After weeks of reducing SHV and survival strategies our efforts had been rewarded. Our SHV was heading in a positive direction however just as we were starting to pull our heads above water we found our company had been taken over. This week as CEO the problem I faced was how to manage a relationship with our new owners and ensuring the continued improvement in our firm in this new environment.

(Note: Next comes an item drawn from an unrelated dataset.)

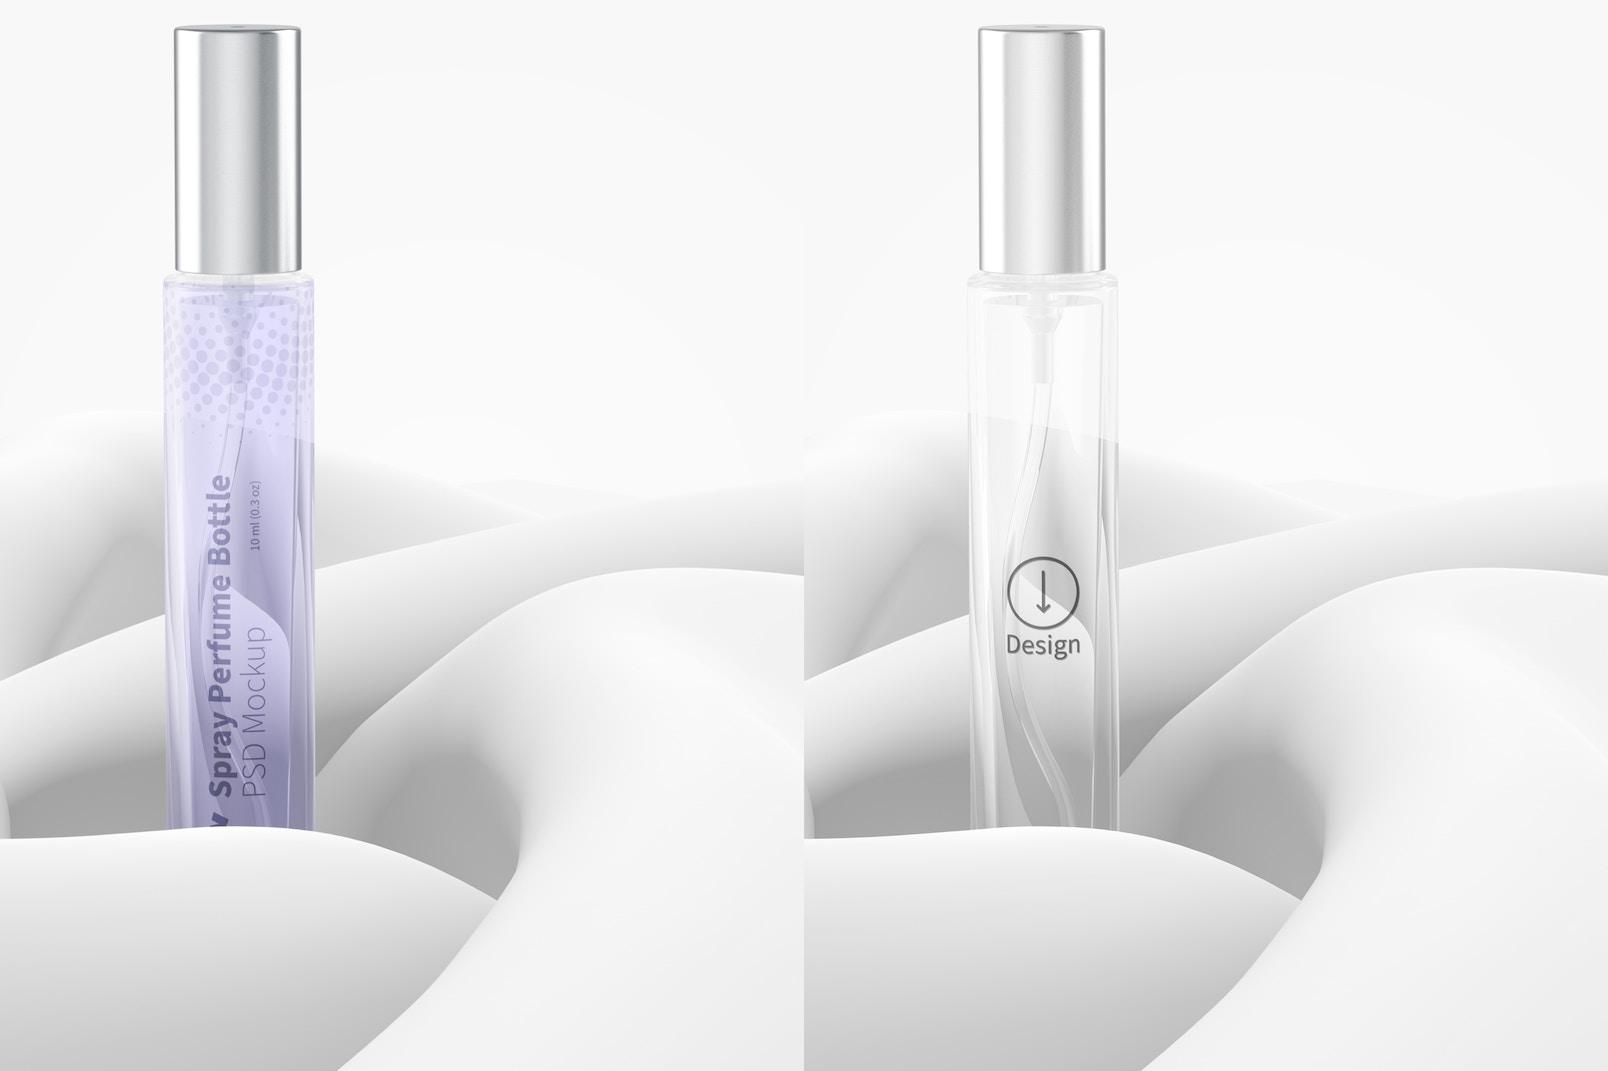 10 ml Spray Perfume Bottle Mockup

Firstly the main problem with the takeover was determining how much strategy we should share with our parent company. Our companies were very similar, perhaps too similar and my team had some serious trust issues. It was understandable, the week before with only 9 cents to our name we had spent a lot of extra time working together and we did not want to see this go to waste. Basically as my title suggests we did not want to upset the delicate balance we had found by including another company. To resolve this I went searching for an objective party to give me some advice around takeovers. I spoke to both Smart Sims and Peter. Peter let us know that it would be counterintuitive for our parent company to ruin us and that we now held a lot more power in the situation. However in contrast Smart sims responded that they had seen parent companies ruin their subsidiaries and have seen subsidiaries rebel against the parent company. Managing the relationship I felt was really important and although I tried hard this week to ensure communication with the other team I feel that we could have met more often. This is because a few hours before the roll-over we were hurriedly trying to work out strategies rather than organising it previously. This is something I hope to improve on for next week particularly as we are now part of a mega-firm; a lot more coordination is required.
Having been in survival mode we found at the start of this week that we were a bit lost as to the content of our strategy. So figuring out how to ensure the continued improvement of our firm was difficult. This is because our original strategy had been scrapped in trying to improve our SHV and now that we were profitable we were unsure where we wanted to take our company. This I found was useful for communication with our parent company as we could adjust our strategy in accordance with their own to try and maximise sales in the market. So it was quite useful this week that the readings were around growth strategies. One part that particularly stood out was the idea around reallocation of resources. The goal of this is to target pockets of the market that are at a higher momentum than other areas (Baghai, Smit, & Viguerie, 2009). I feel that I need to work with my group and our parent group to ensure that we are not directly competing against each other and that we are focussing on target markets for the next few roll-overs. I am not sure how well this will work however as our parent company have a number of different bikes in a number of different markets. So our growth strategy needs to focus on quality or quantity depending on the bike and how well we are selling. I found the second reading also rather interesting and thinking about it I feel that my firm has gradually developed a more analytical approach to the program as the weeks moved on and we were trying to reverse the direction of our shareholder value. Looking back at those first few weeks I think we keenly felt the loss of the roll-back feature as it prevented us from continuing our trial and error approach. Only once we began to do really badly did we stop and think more analytically about our results (Davenport, 2006). I really feel like at the beginning our firm did not have the right focus and was not really looking at a lot of the information provided to us by the simulation to allow for improvement.
Hopefully now that we have learnt our lesson we will continue to see growth for the last few roll-overs. Our new goal is trying to get back to the starting SHV of $12 if we can manage this, coming back from 0.09 I think it will be an amazing achievement. Just as a final point I found it a bit difficult to see the relevance of the readings for this week and I apologise for their lack of inclusion in this week’s journal, I felt that I had learnt a lot more from the circumstances this week than the theory. However I have tried to include them in as clear a manner as possible.
Baghai, M., Smit, S., & Viguerie, P. (2009). Is Your Growth Strategy Flying Blind? [Article]. Harvard Business Review, 87(5), 86-96.
Davenport, T. H. (2006). Competing on Analytics. [Article]. Harvard Business Review, 84(1), 98-107.